*Records supplied*
▬▬▬

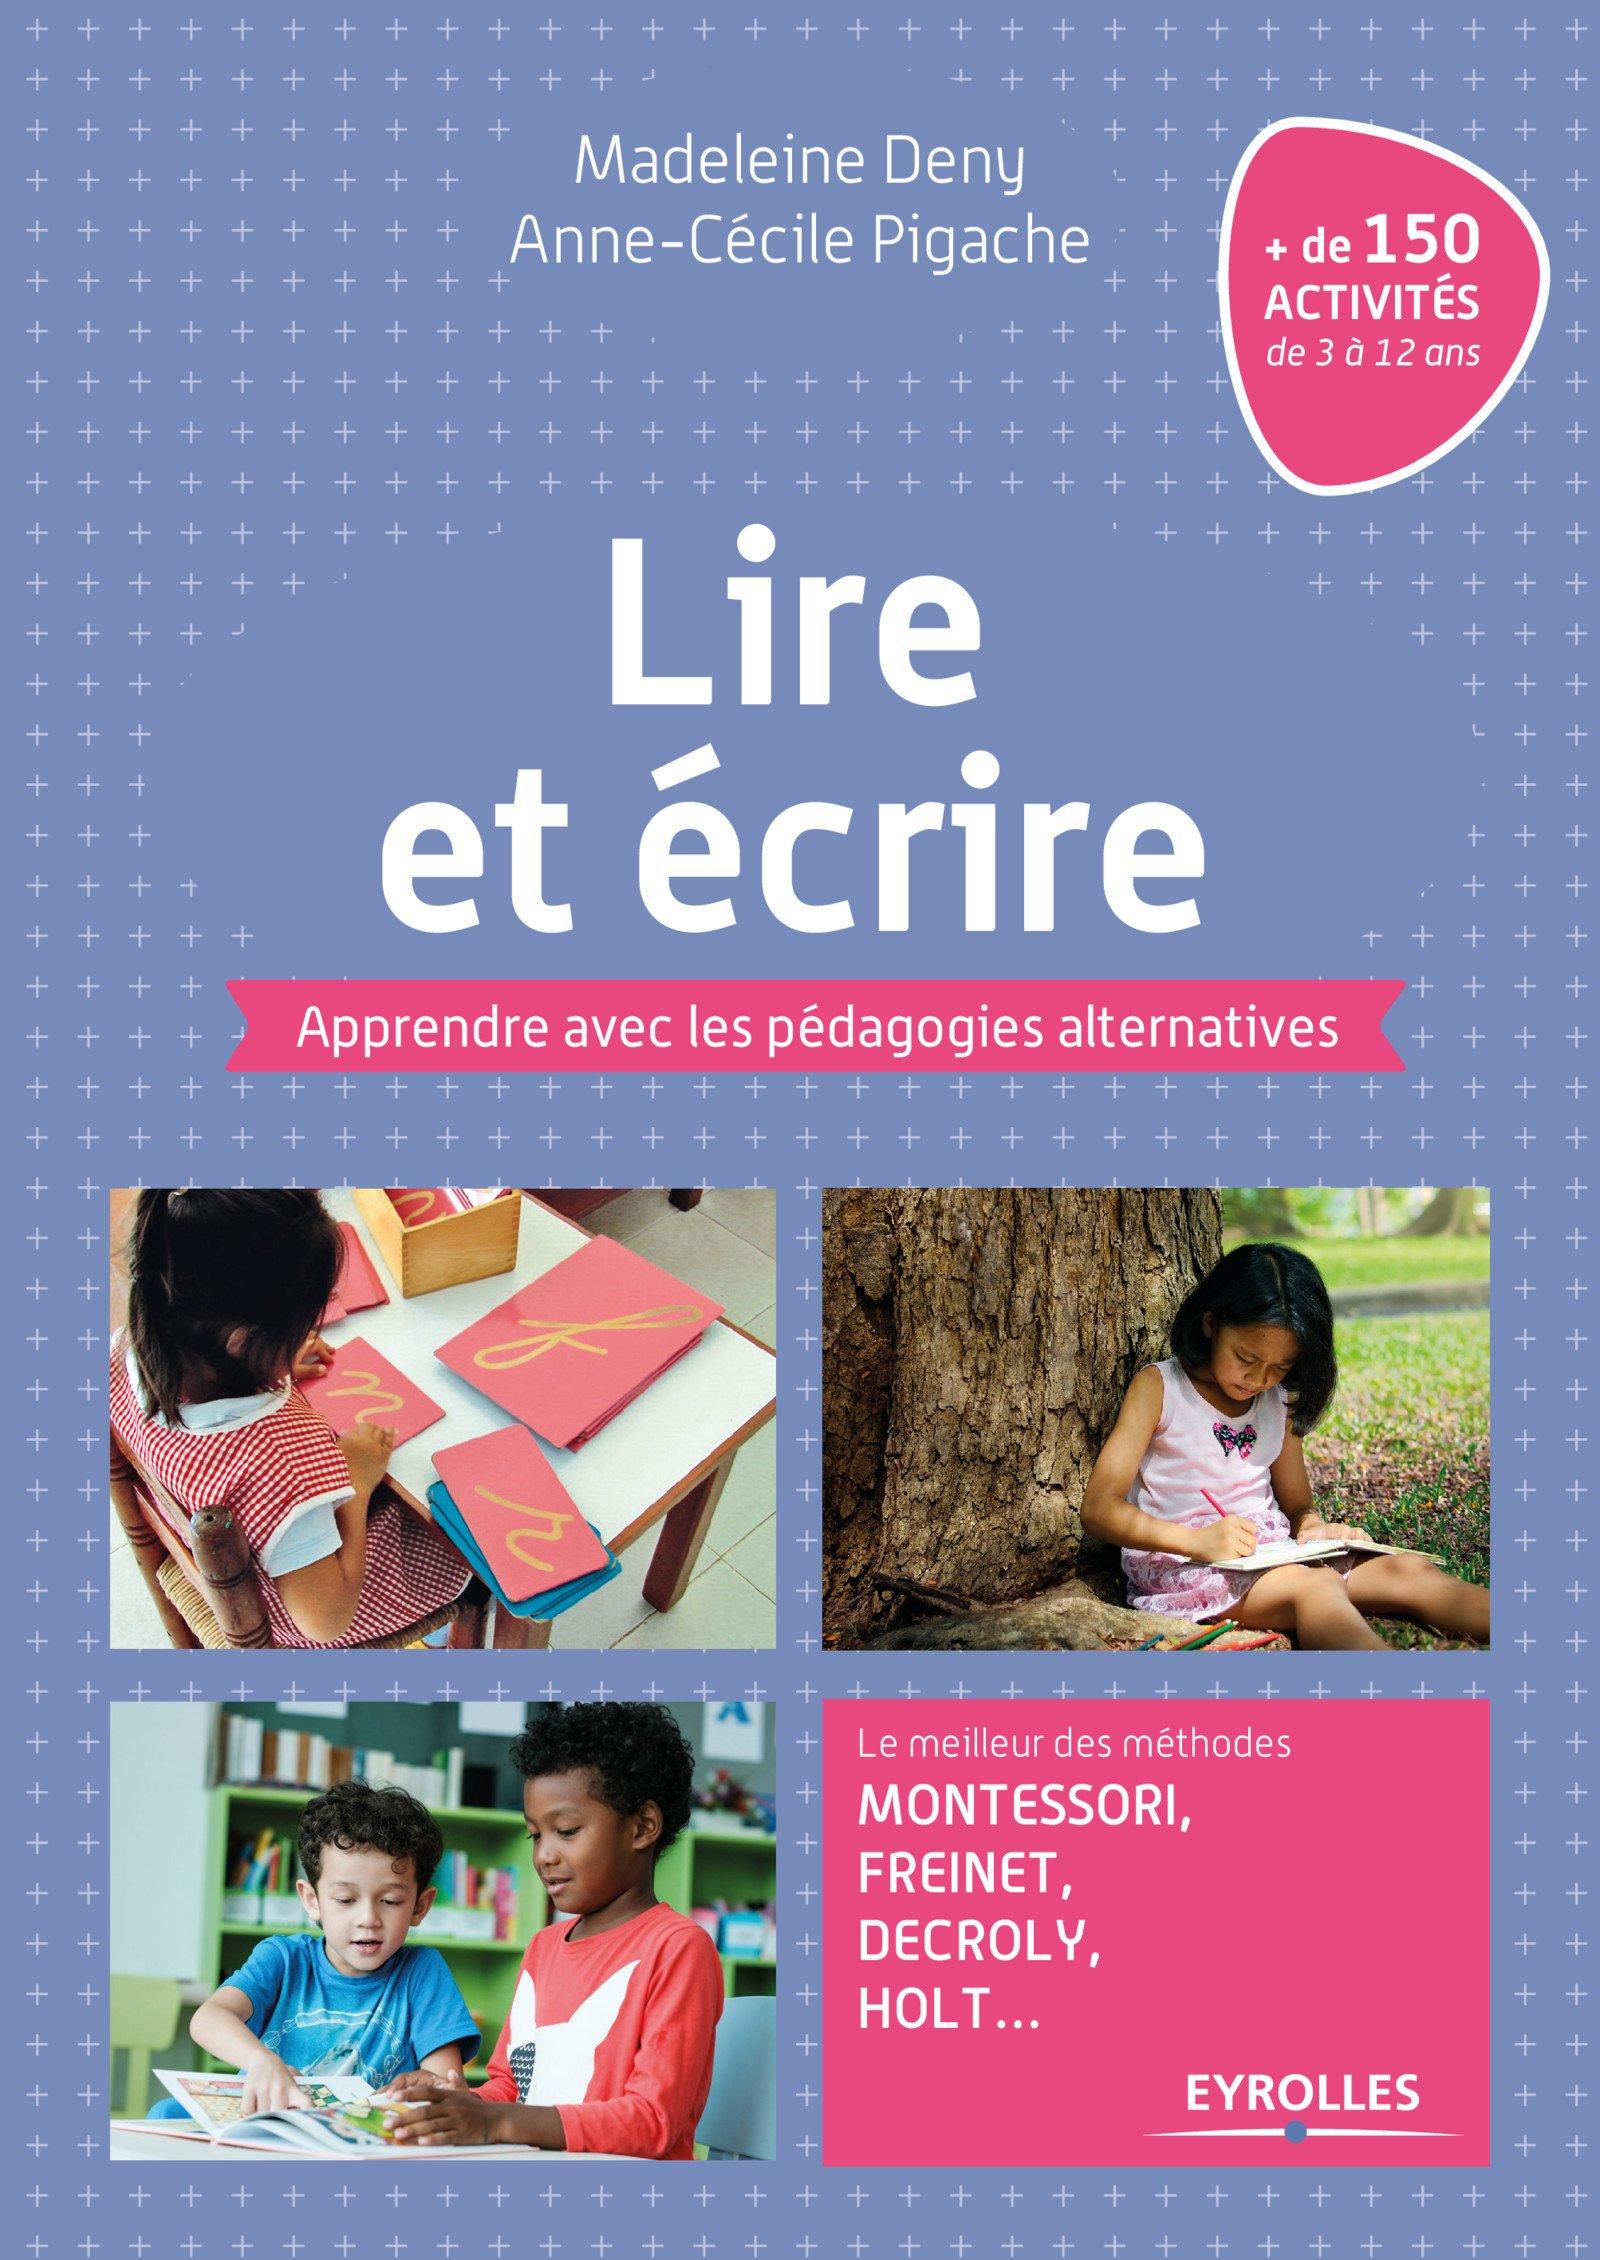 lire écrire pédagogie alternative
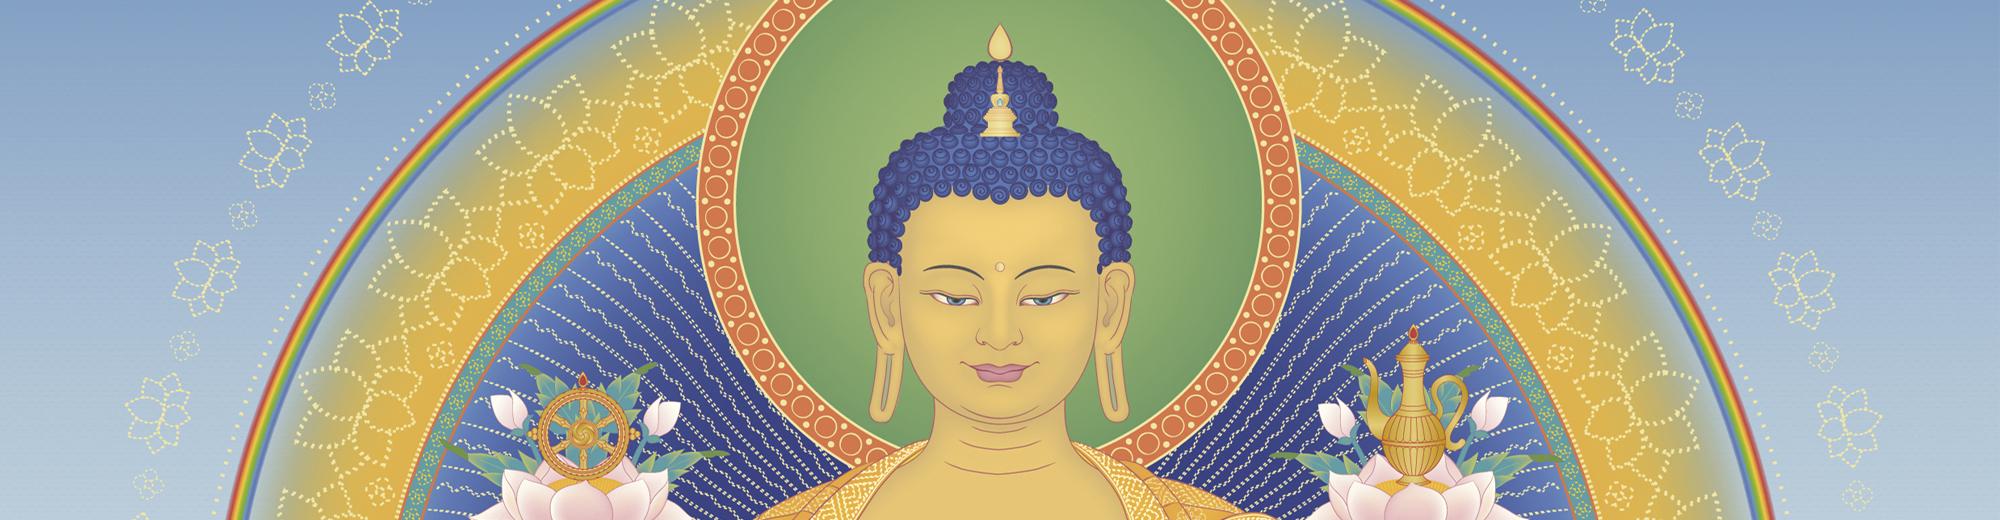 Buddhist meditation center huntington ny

▬▬▬

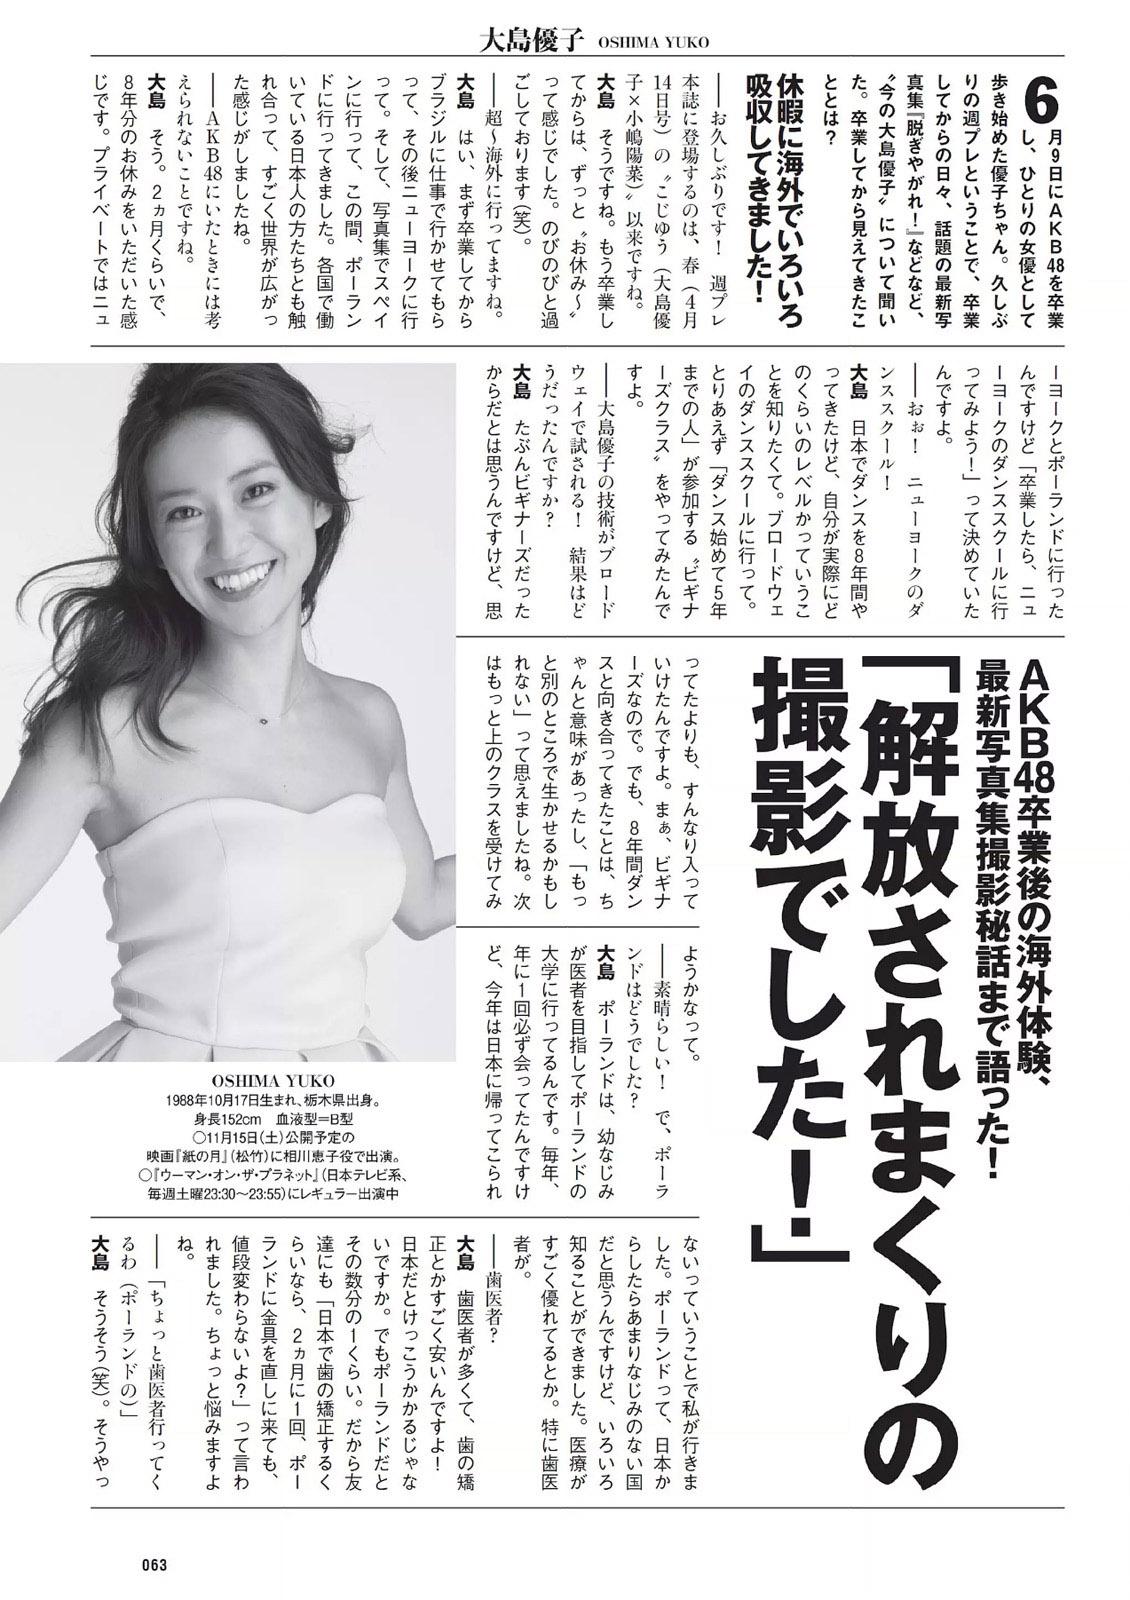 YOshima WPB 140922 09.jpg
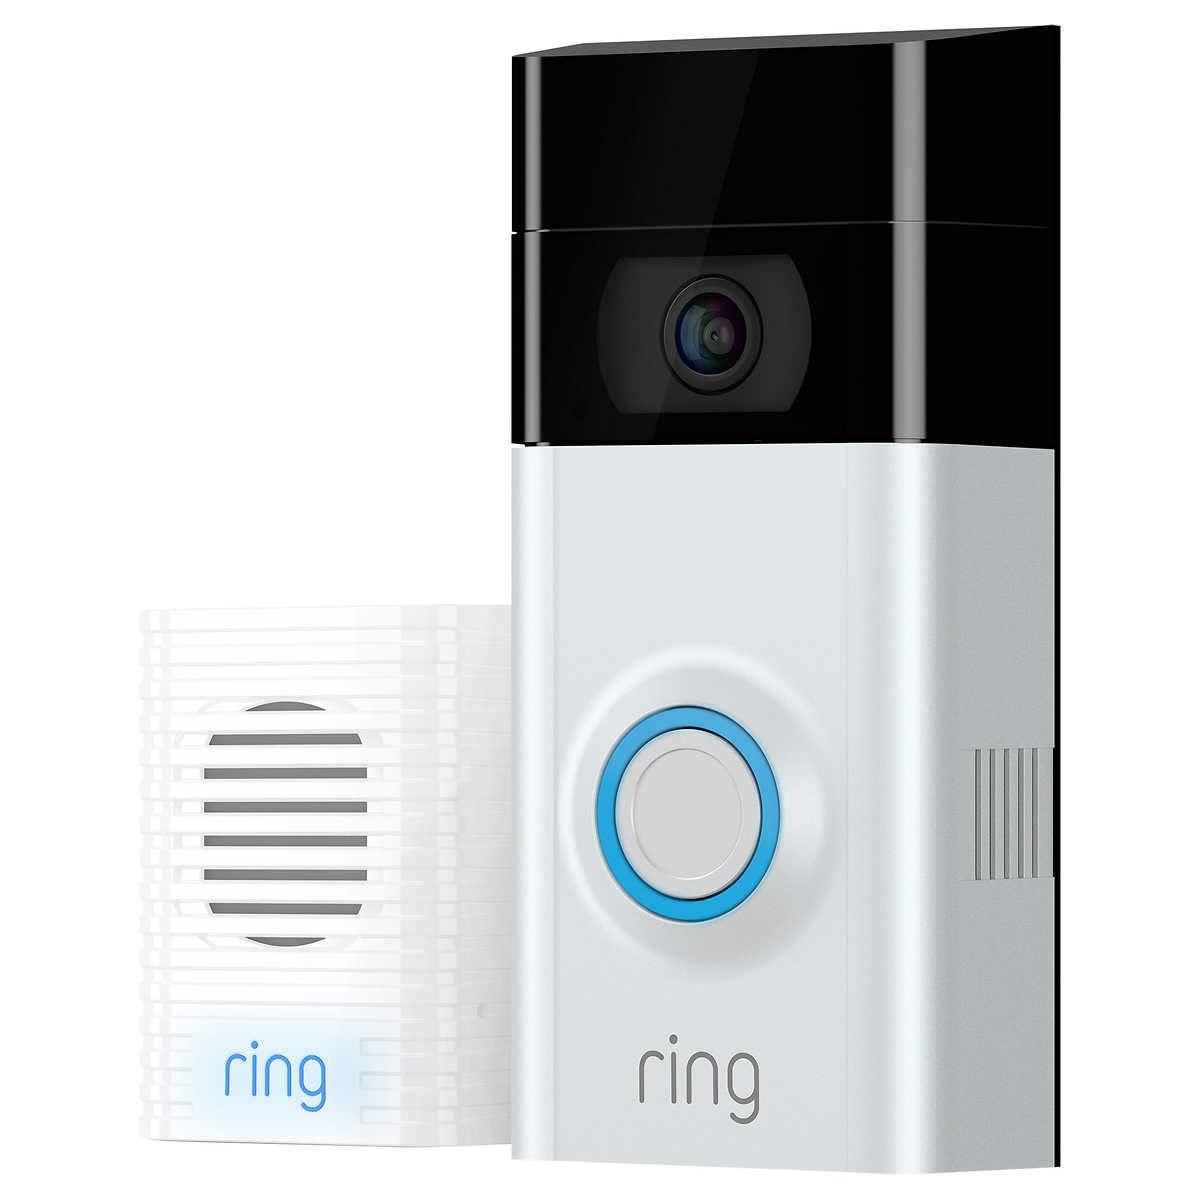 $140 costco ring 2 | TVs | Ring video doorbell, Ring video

▬▬▬

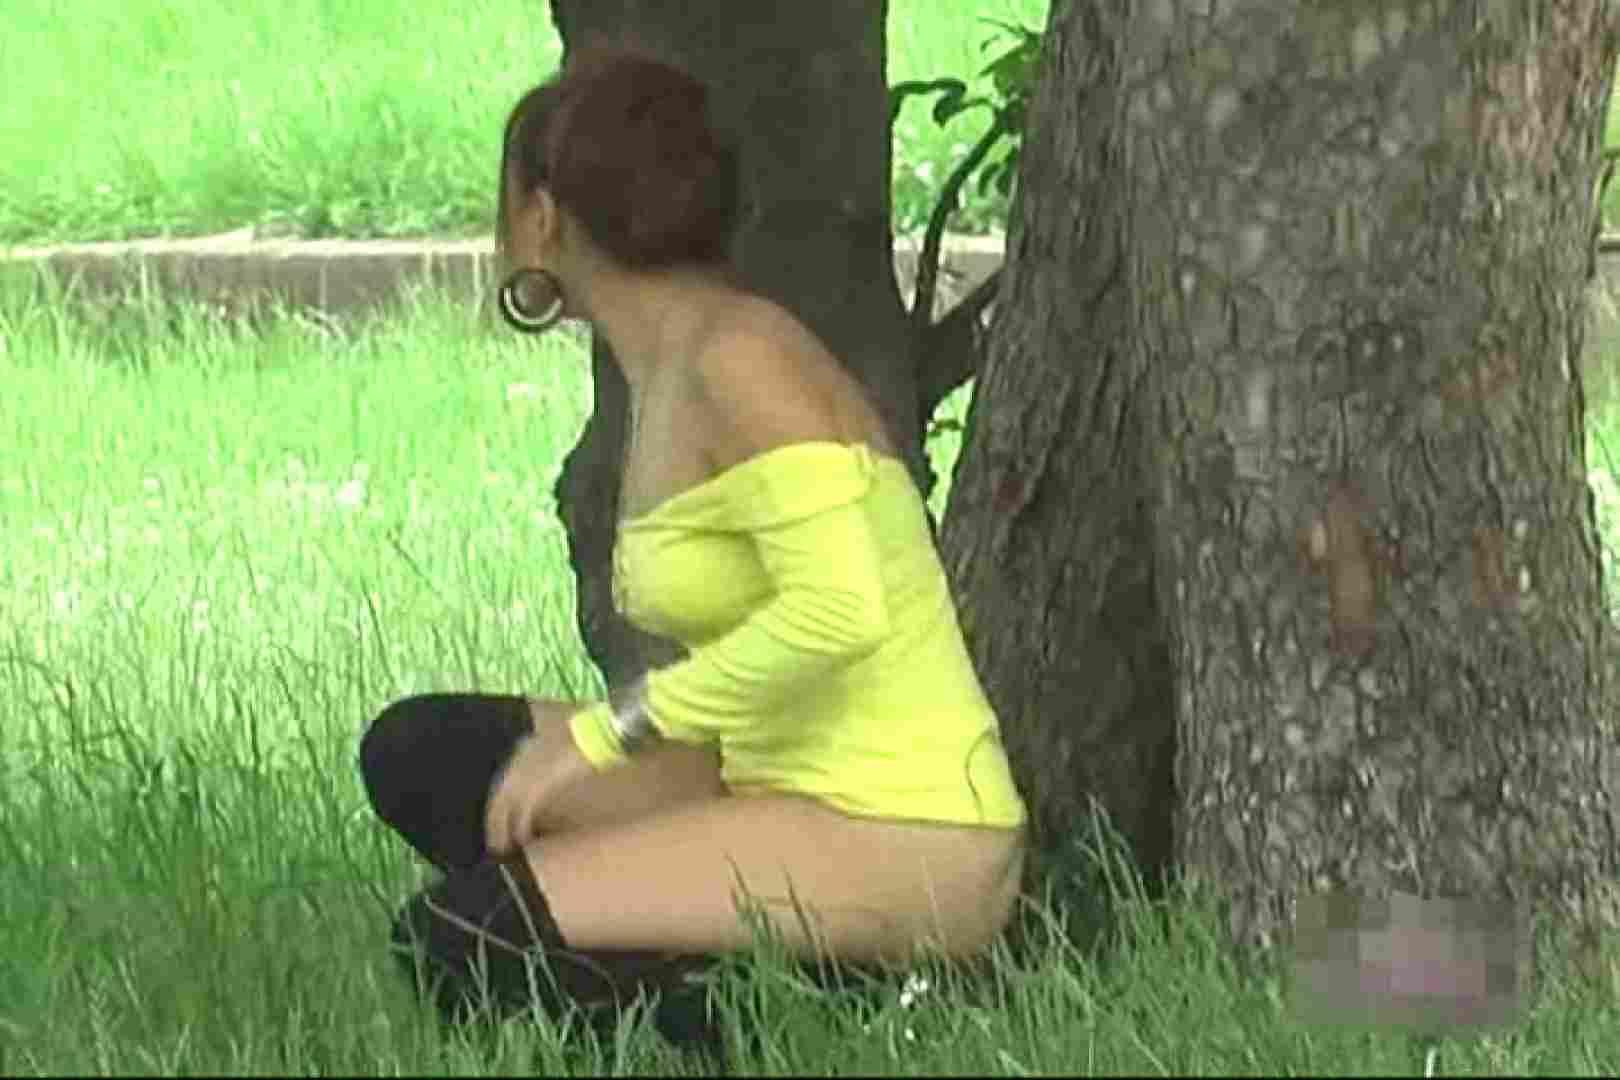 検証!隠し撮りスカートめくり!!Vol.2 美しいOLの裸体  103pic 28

▬▬▬

Everything above from the line containing "lire écrire pédagogie alternative" through the line containing "Buddhist meditation center huntington ny" must be repeated exactly, and the pictures must be left out.

*Response for this exercise*
 lire écrire pédagogie alternative
 Buddhist meditation center huntington ny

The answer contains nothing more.